Покойный Маттио Паскаль - Луиджи Пиранделло 19 стр.


– Но вы об этом заявите! – воскликнула она, вскакивая с кресла. – Прошу вас, пустите меня, дайте мне позвать папу… Он сам немедленно заявит!

Мне удалось и на этот раз вовремя удержать ее. Не хватало только, чтобы вдобавок ко всему Адриана принудила меня еще заявить о краже! Разве не достаточно было, что у меня походя украли двенадцать тысяч лир? Мне еще нужно было опасаться, как бы эта кража не обнаружилась, надо было заклинать Адриану всеми святыми не кричать об этом во весь голос, не говорить об этом никому. Но что было делать? Адриана – я это отлично понимал – ни в коем случае не могла допустить, чтобы я промолчал сам и заставил молчать ее, не могла ни под каким видом принять то, что она считала великодушным поступком с моей стороны. На это было много причин: прежде всего ее любовь ко мне, затем честь дома, затем я сам и, наконец, ее ненависть к зятю. Но сейчас я находился в таком ужасном положении, что ее справедливый гнев показался мне последней каплей в чаше. Я раздраженно закричал:

– Вы будете молчать, я вам приказываю. Вы никому ни слова не скажете, понятно? Вы что, хотите скандала?

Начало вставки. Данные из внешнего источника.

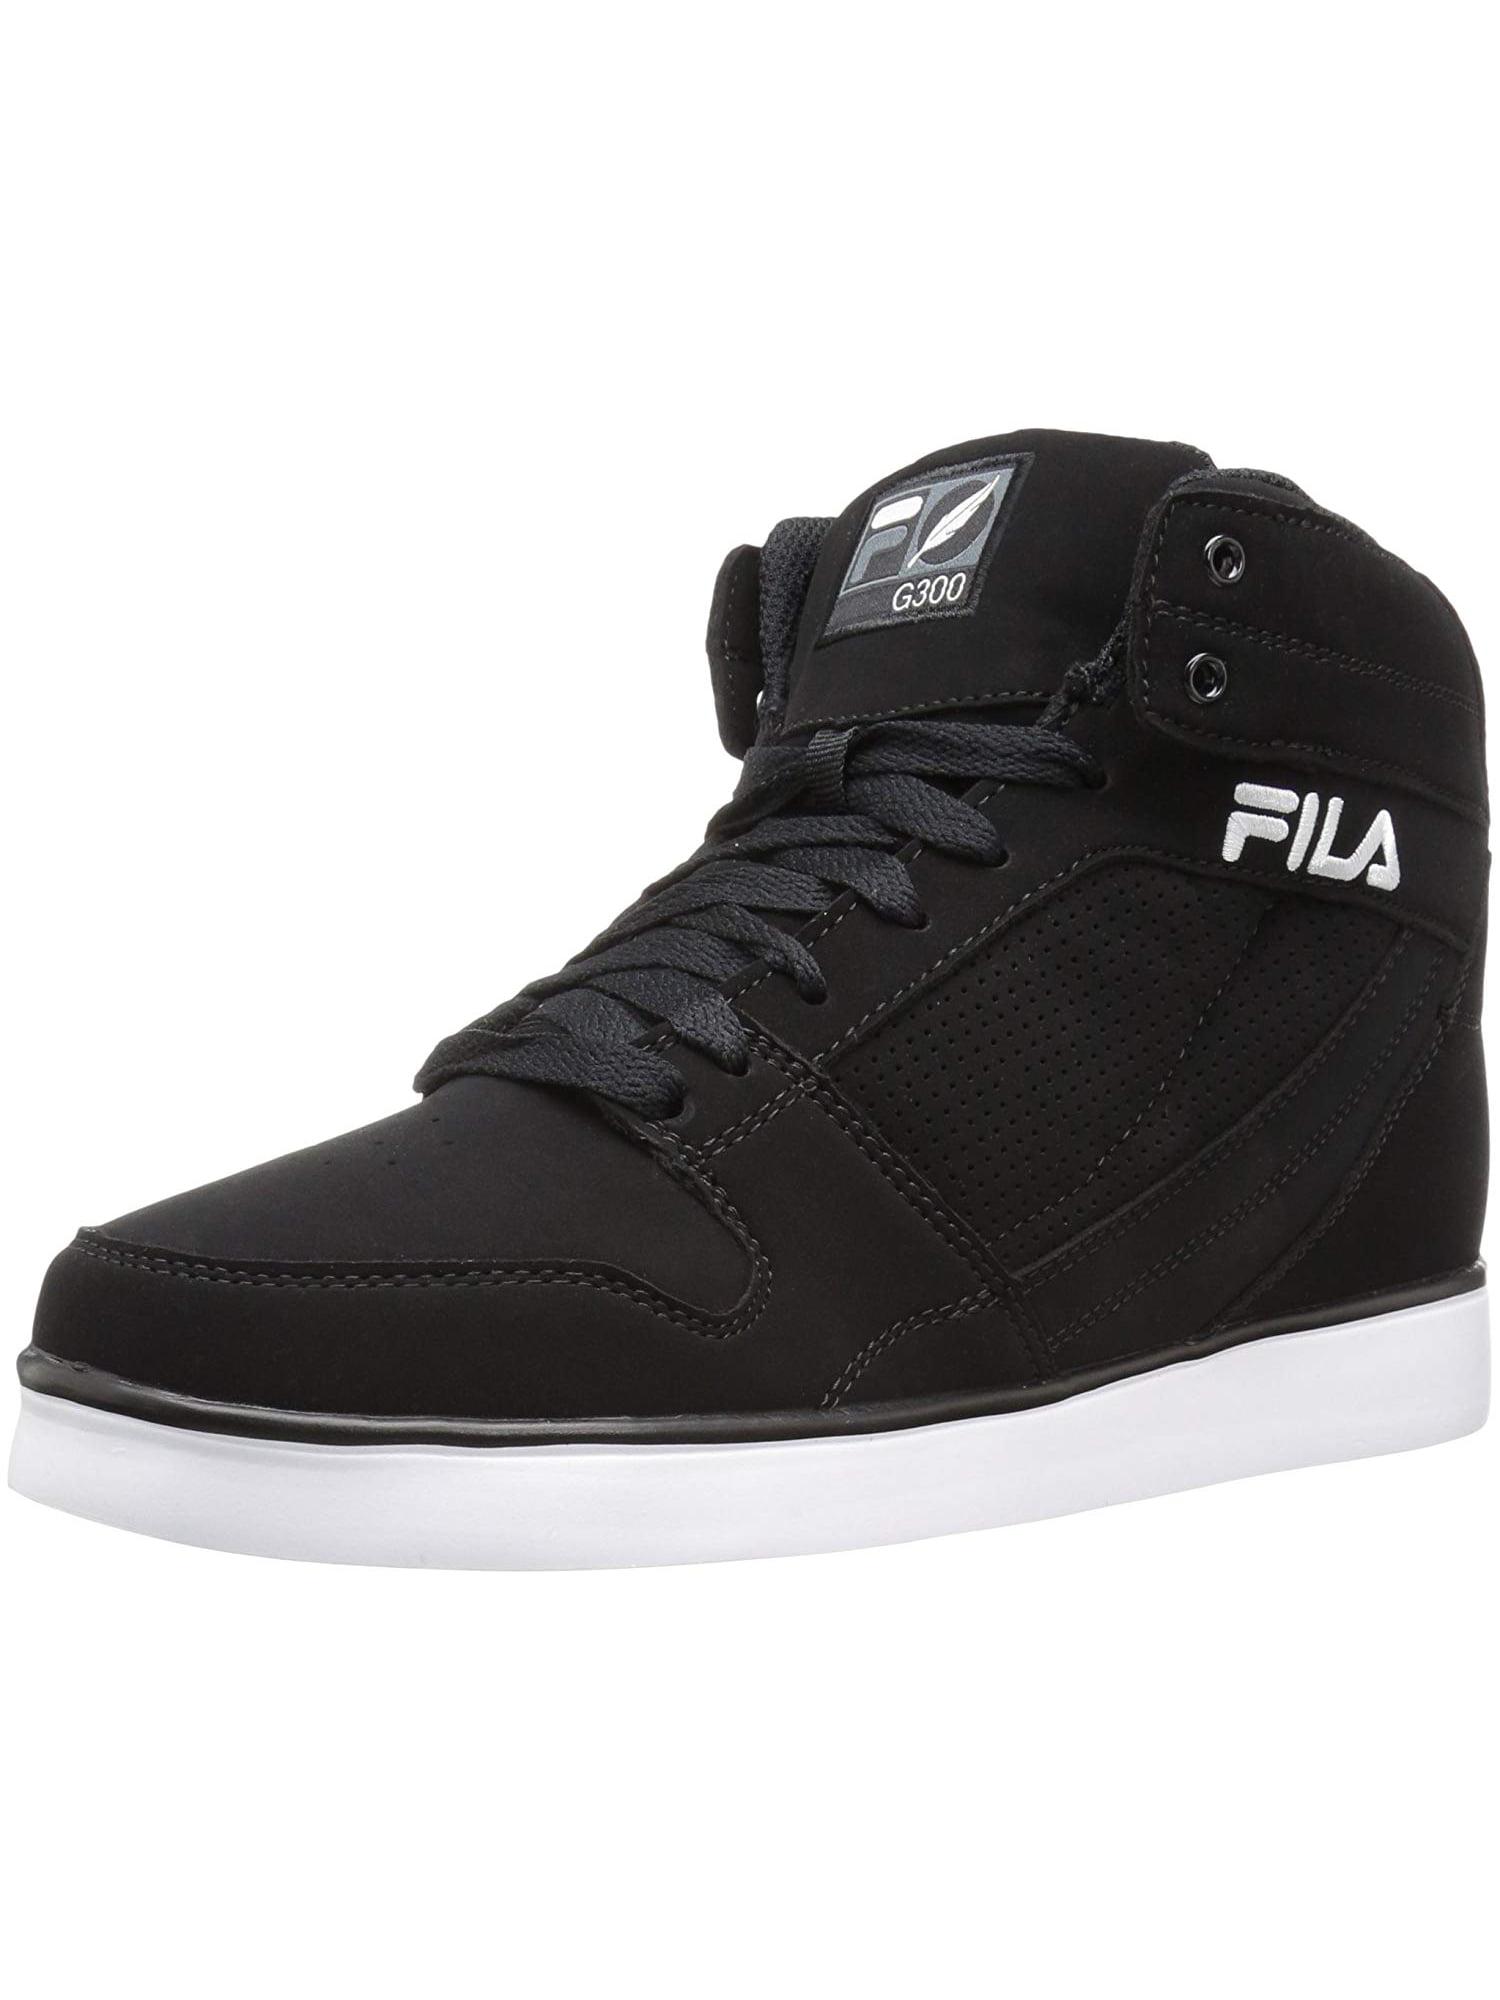 Fila Fila Mens G300 Figueroa Classic Hi Top Leather Sneaker Black

– Нет! Нет! – тотчас же, плача, запротестовала несчастная Адриана. – Я просто хочу избавить свой дом от этого гнусного человека!

– Но он же станет отрицать! – возразил я. – И тогда все живущие в доме попадут под следствие… Понимаете?

– Да, отлично понимаю! – пылко бросила мне Адриана. – Пусть, пусть отрицает! Но у нас-то, я полагаю, найдется, что ему возразить. Вы должны о нем заявить и не думайте о нас, не опасайтесь за нашу судьбу… Поверьте, вы окажете нам услугу, большую услугу! Отомстите за мою бедную сестру… Вы должны понять, синьор Меис, что для меня будет оскорблением, если вы этого не сделаете. Я хочу, хочу, чтобы вы о нем заявили. А если вы не сделаете этого, я сама сделаю! Что ж, вы хотите, чтобы мы с отцом терпели этот позор? Нет, нет, нет! И, кроме того…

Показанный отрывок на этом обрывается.